What is needed:
For this exercise, please transcribe exactly and only the lines from the one containing "Baby Toddler 3" through the end of the material, both ends included, without pictures.

Supplied data:
###

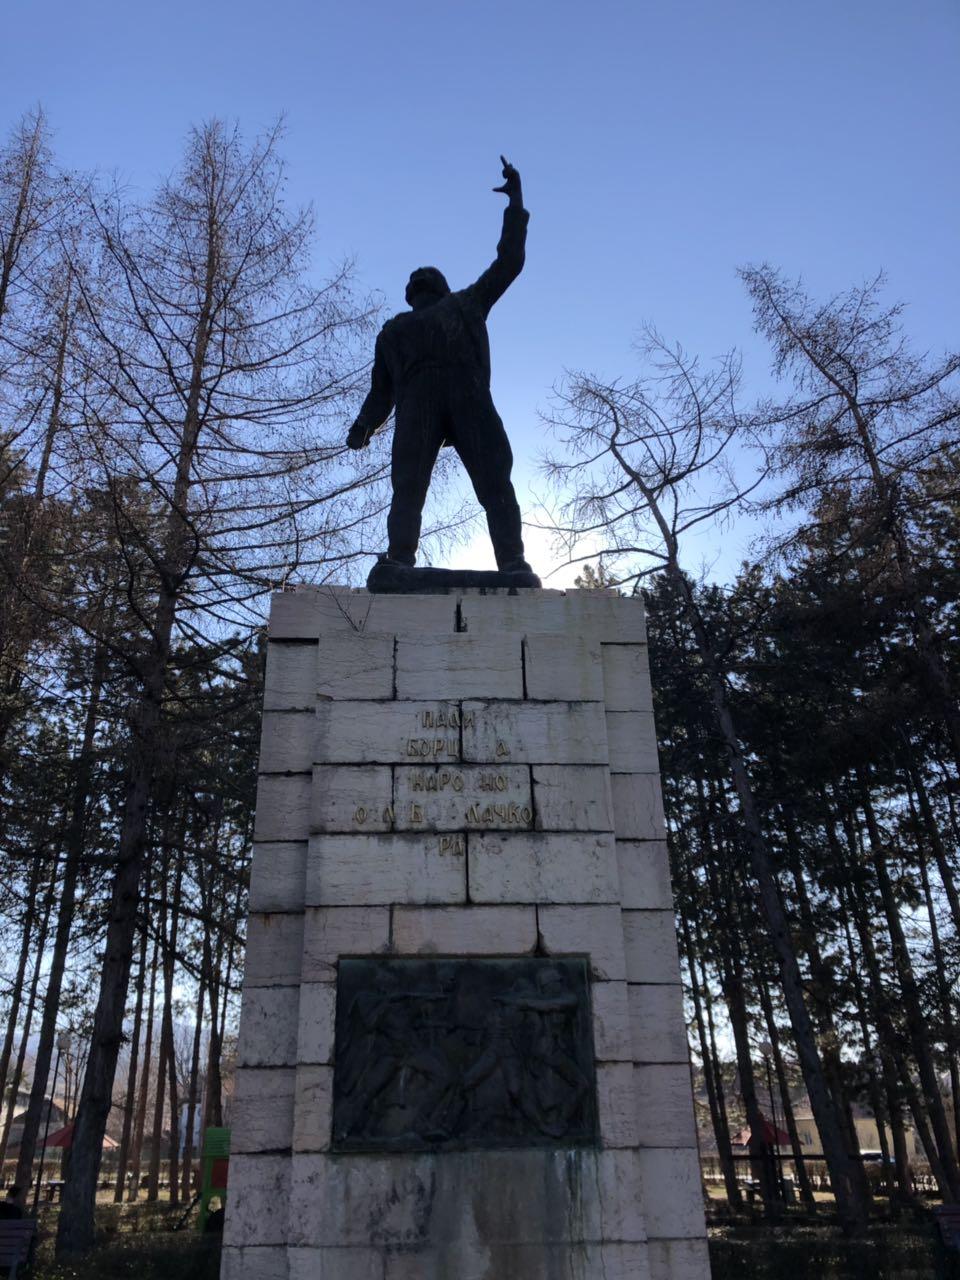 Spomenik u parku još uvek čeka na rekonstrukciju
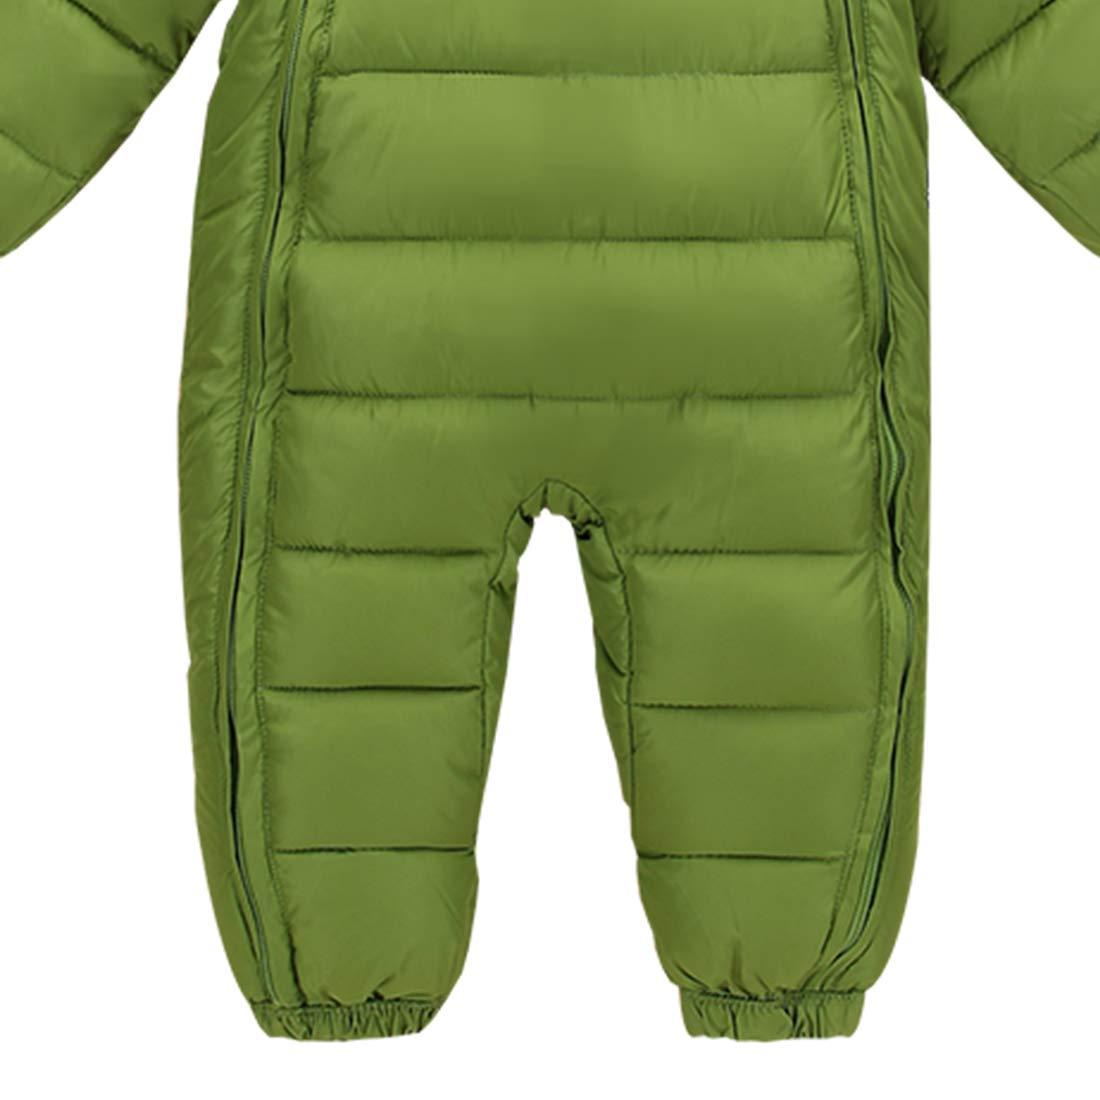 Baby Toddler 3 Piece All in One Snowsuit Romper Snowsuit Zipper Padding Onesie
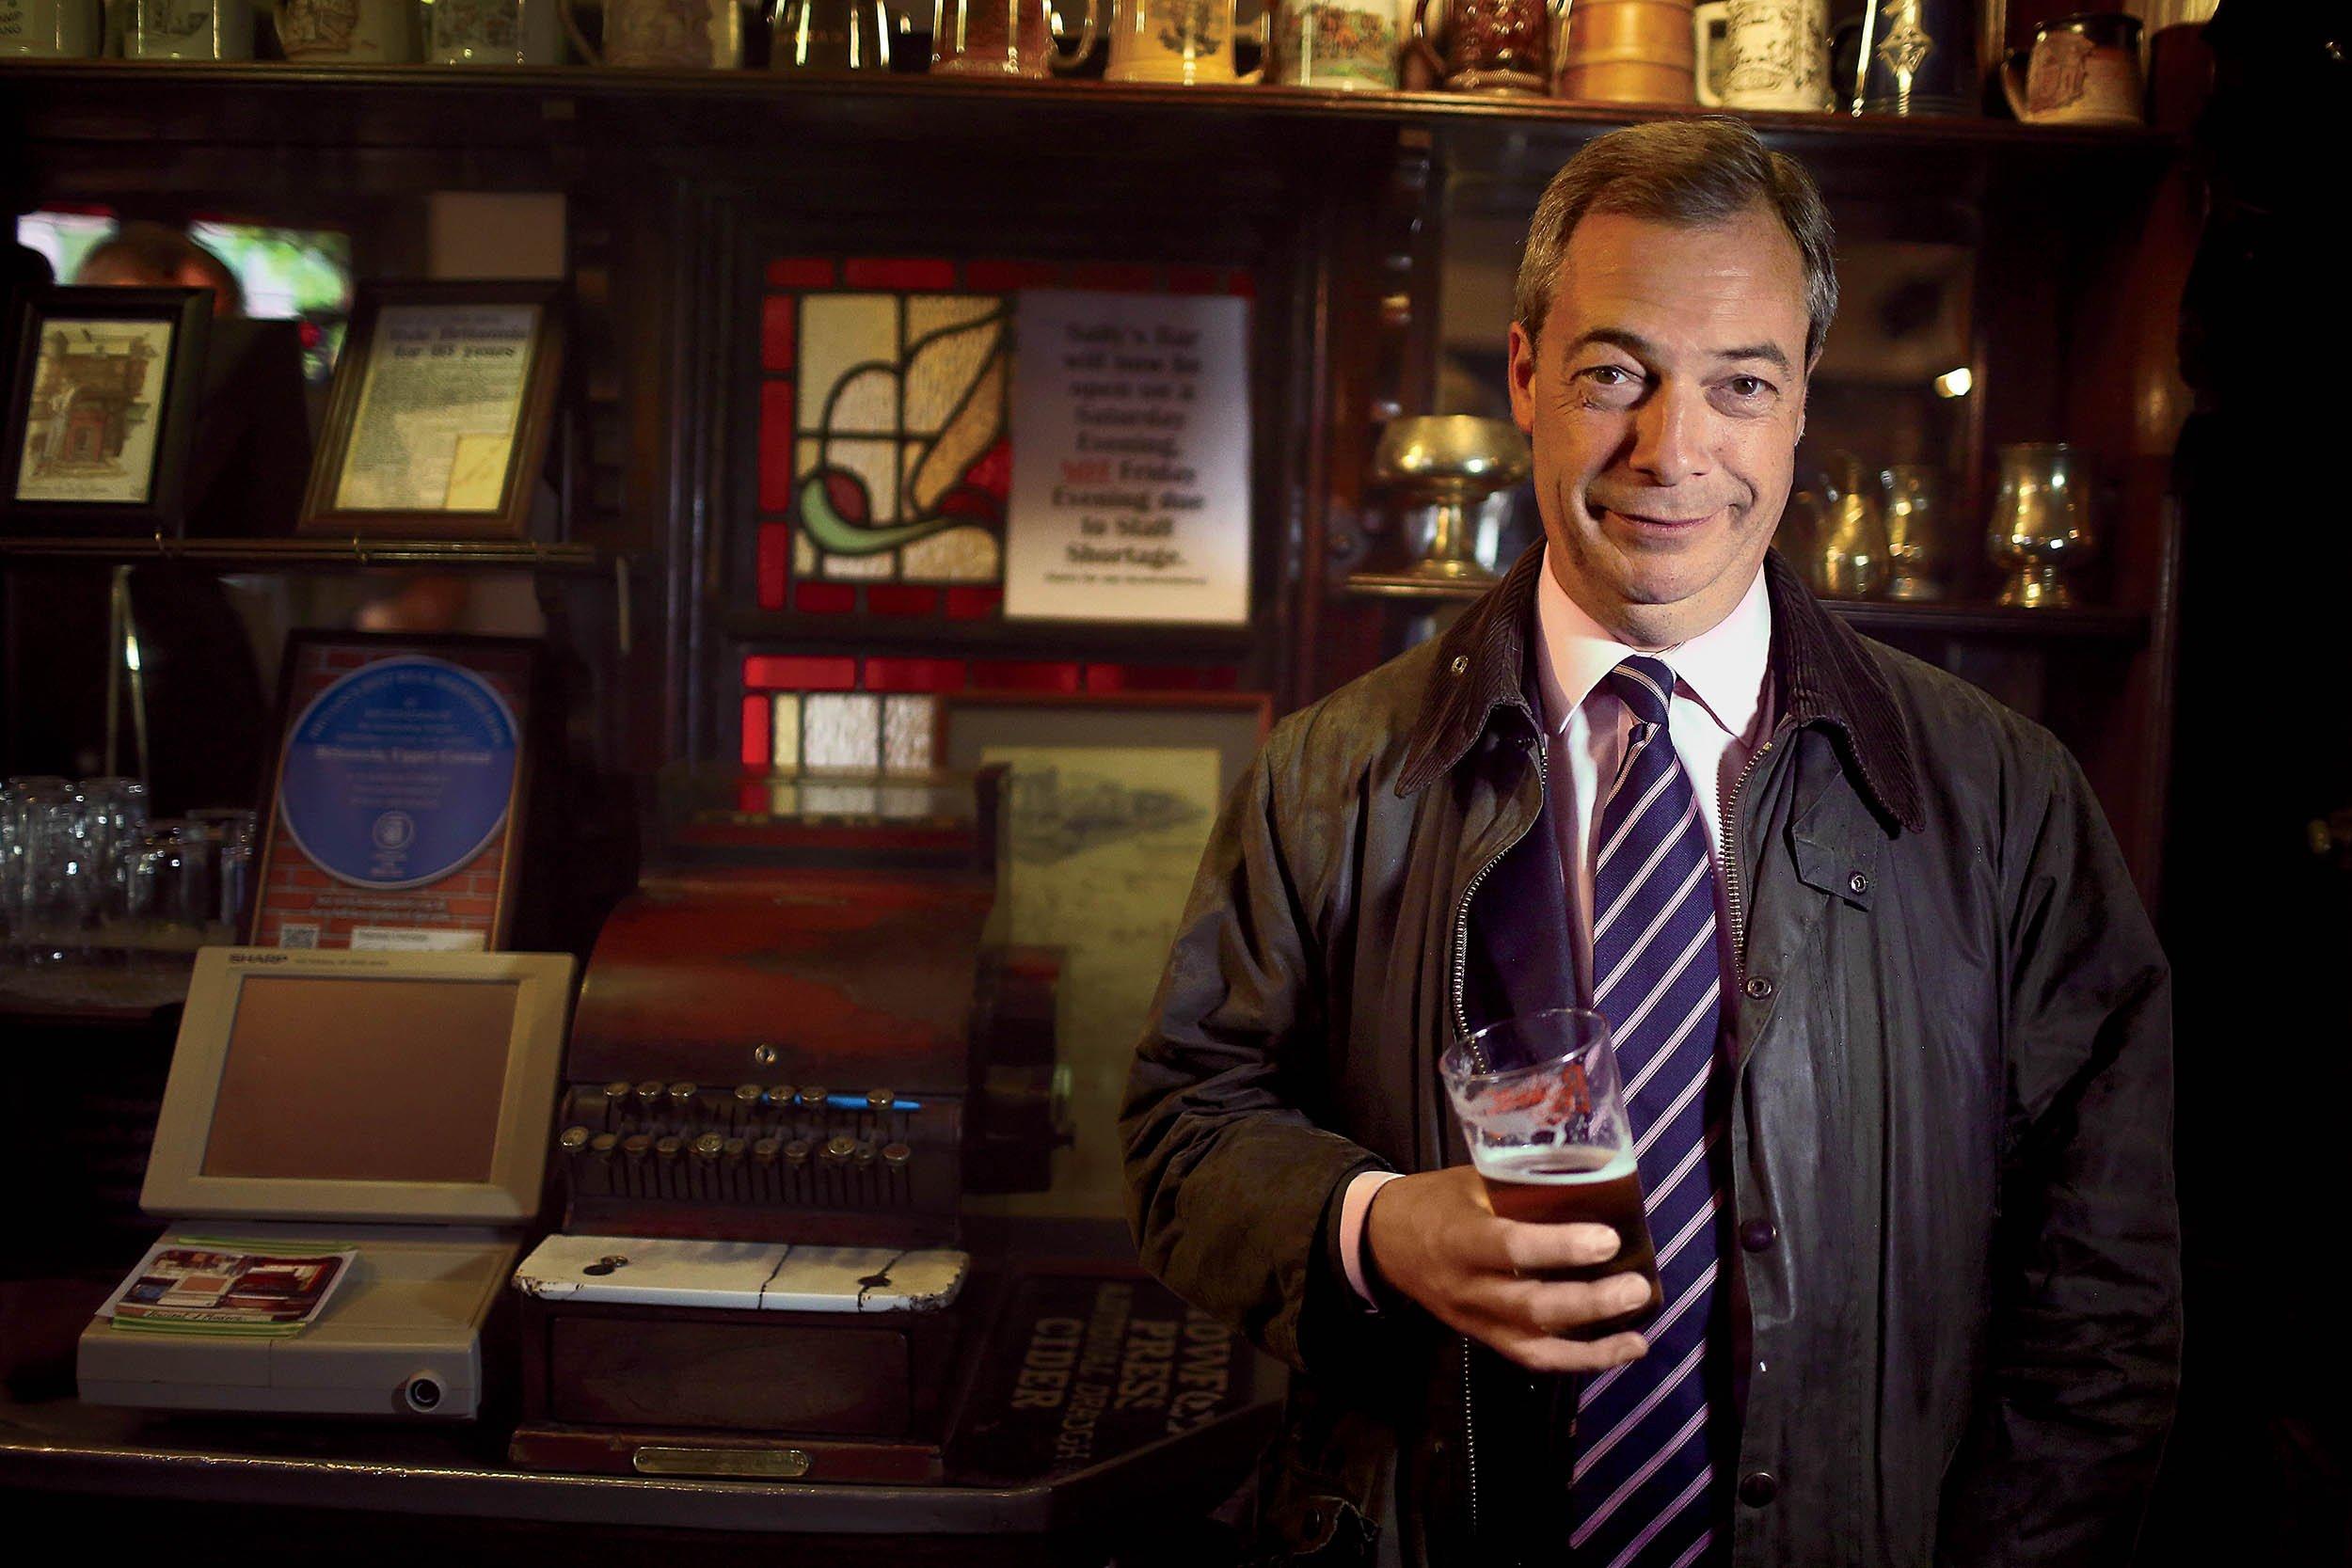 6.13_PG0224_Farage_01
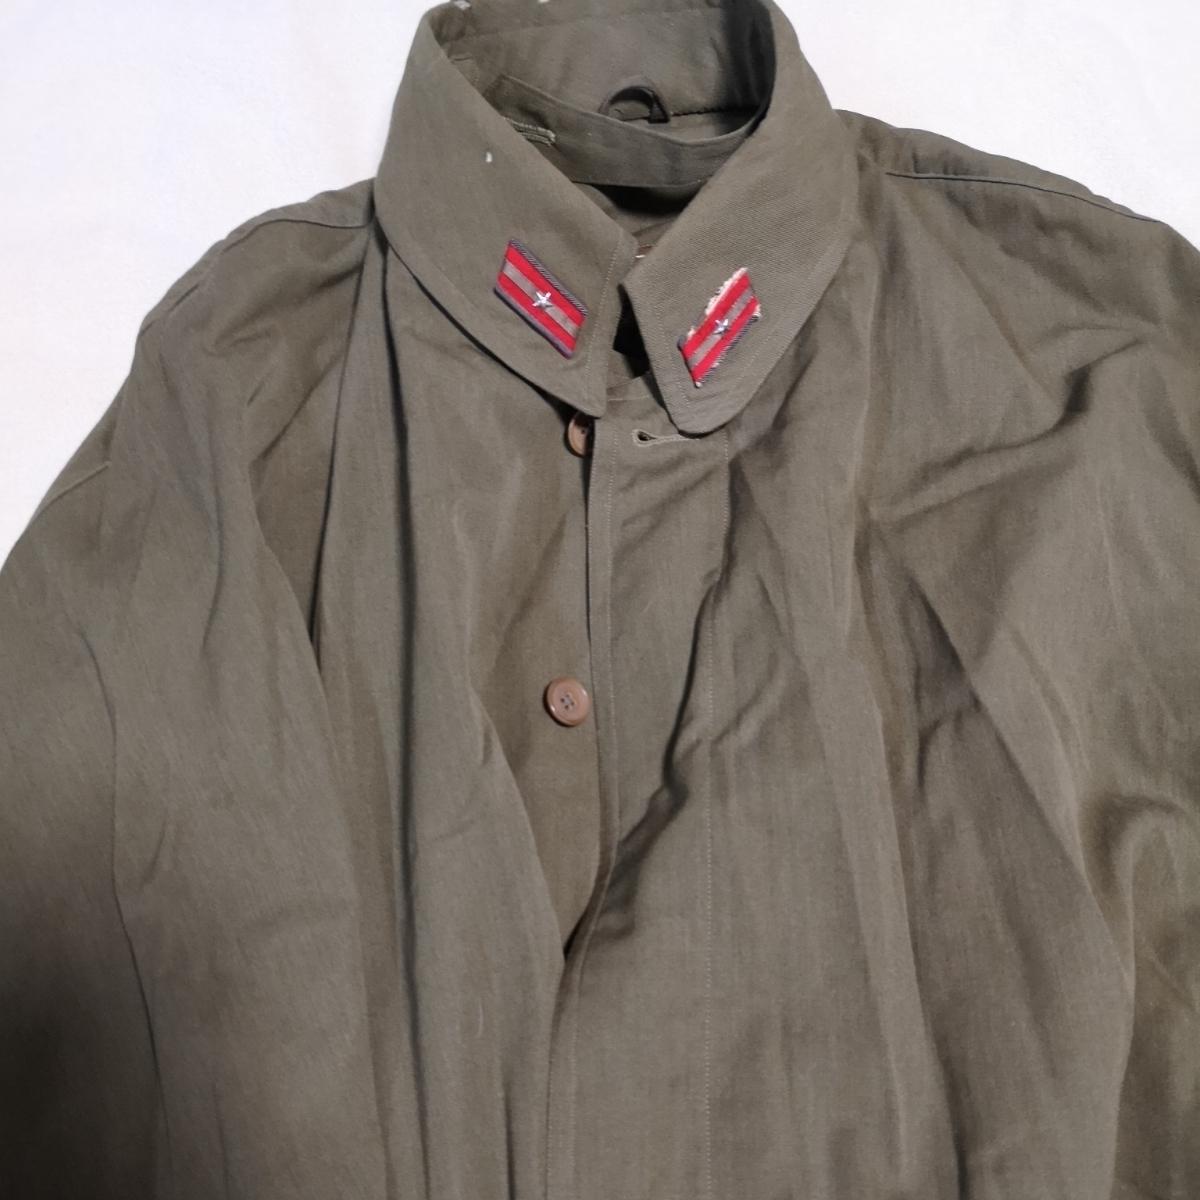 日本軍 将校マント 少尉 外套 襟章付き 戦前 洋品店仕立 軍服_画像2

###

Completed task:
 Baby Toddler 3 Piece All in One Snowsuit Romper Snowsuit Zipper Padding Onesie
 6.13_PG0224_Farage_01
 日本軍 将校マント 少尉 外套 襟章付き 戦前 洋品店仕立 軍服_画像2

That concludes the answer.